In last weeks discussion, we started the dive into higher risk disease and covered a lot of issues - touching upon dose, field size, ADT, and PSA kinetics and how one needs to consider these in a different light in high risk disease.
Today, we’ll look at two trials (FLAME and PRIME) that are well designed and have a great opportunity to help shape current standards. In the end, I think each of these trials will continue to push SBRT utilization for prostate cancer further into the high risk spectrum of disease. We’ll walk through why I think that is case and why you should watch for these pivotal trials.

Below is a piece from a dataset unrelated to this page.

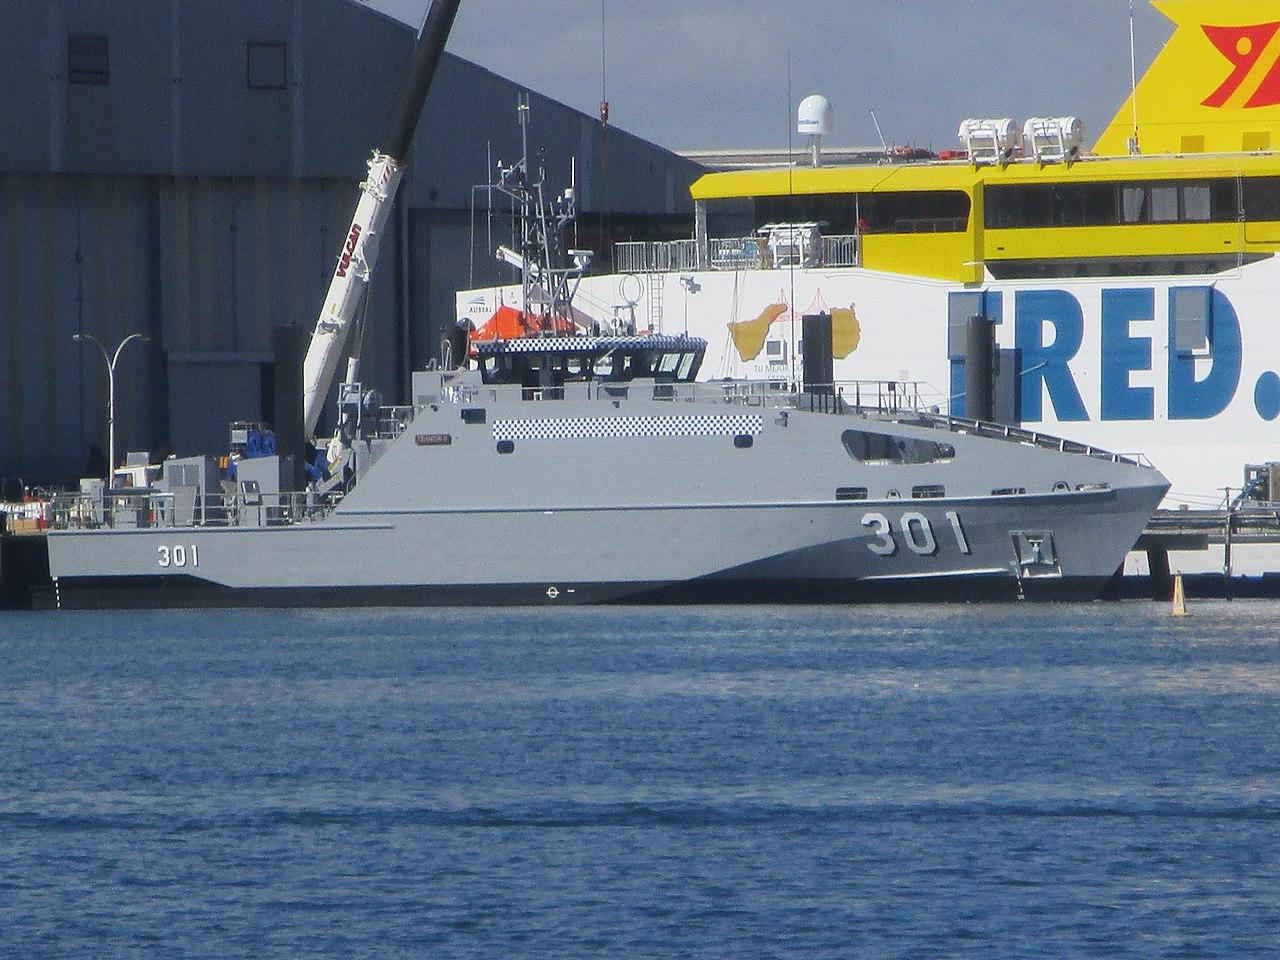 https://upload.wikimedia.org/wikipedia/commons/thumb/1/14/Bajamar_Express_and_RKS_Teanoai_II_%28301%29_at_Austal_shipyards_in_Henderson%2C_Western_Australia%2C_April_2020_01.jpg/1280px-Bajamar_Express_and_RKS_Teanoai_II_%28301%29_at_Austal_shipyards_in_Henderson%2C_Western_Australia%2C_April_2020_01.jpg

Goal on this Substack is to point out both strengths and weaknesses I see. Nothing is perfect and I think it is important to point out places where I believe it could be better. These trials take tremendous work, effort, and funding and are critical to our field. Kudos to the authors and all involved for moving our field forward!
FLAME TRIAL SERIES
FLAME 2.0 acute toxicity data is out - an intermediate and high risk cohort treated with SBRT. It once again shows promising early results shrinking the number of fractions and this time - days of treatment. Below is a graphic of the broader progression of the FLAME trials - they are doing outstanding work out of Belgium and the Netherlands. Kudos to all involved!

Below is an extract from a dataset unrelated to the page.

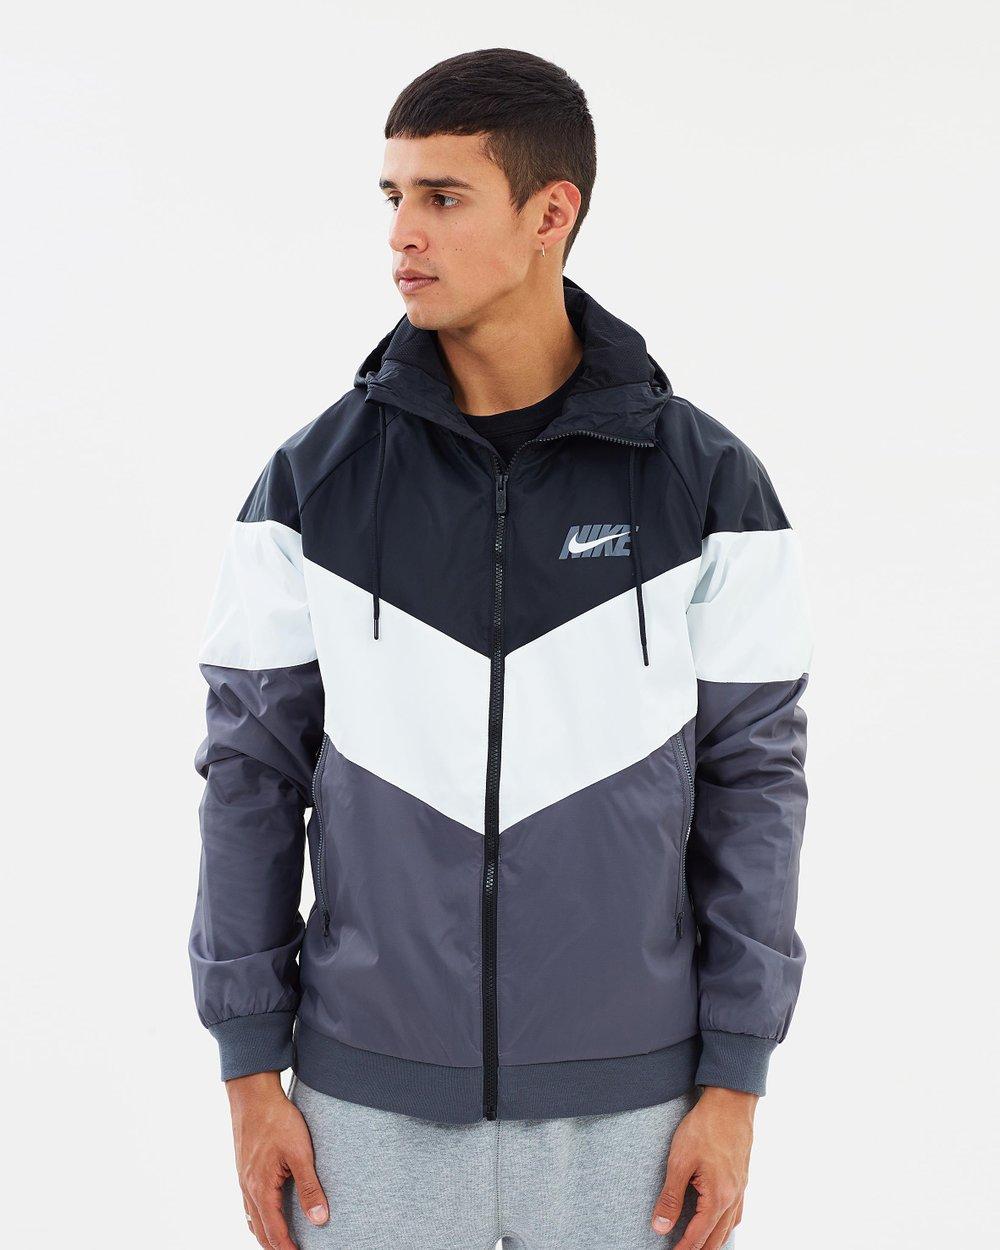 f4b9178b7 Sportswear Windrunner Jacket by Nike Online | THE ICONIC | Australia

As shown, FLAME looked at SIB approach to treat the lesion within the prostate to a really high dose - BED>100. This is still one of my favorite approaches. They next pushed for even shorter courses in hypo-FLAME reporting limited toxicity in a Phase II single arm 100 patient series. And now hypo-FLAME 2.0 acute toxicity has been released, where not only have they pushed the number of fractions down to five, but they are delivering the treatment twice a week instead of just once a week to complete the treatment faster (on the calendar).
I really like the original FLAME randomized trial. Great design demonstrating clear improvement in curing the cancer. Honestly though, FLAME SIB hasn’t caught on despite clear data of improved outcomes. It simply landed at the wrong time in January of 2021 - within one year of what likely is the largest / fastest shift ever recorded in the practice patterns of radiation oncology.
Below is graph showing a MASSIVE shift in UK breast cancer practice patterns in early 2020. FLAME was just 9 months after this cataclysmic shift.
After that, it simply wasn’t “cool” to treat for that many sessions. Today uniform SBRT whole gland treatment, likely to lower dose, is far more common in the US than a longer, higher SIB dose approach - despite this proven benefit. Yes, some are using SIB in both traditional and SBRT settings, but I think this continues to be the minority.
But as the illustration shows, within the FLAME trial structure, they have continued to iterate.
FLAME 2.0 Acute toxicity paper
FLAME 2.0 Acute toxicity paper was published in May. A one arm trial moving from 1 treatment a week to now 2 fractions per week - shortening the course from 29 days under treatment to 15. Dose remained at 35 Gy / 5 fractions to the whole gland while allowing an “iso-toxic” boost (their term for prioritization of normal tissue constraints over tumor dose increases) up to 50 Gy. Both hypo-FLAME and hypo-FLAME 2.0 are each single arm trials with 100 and 124 patients, respectively. Sequential trials not randomized.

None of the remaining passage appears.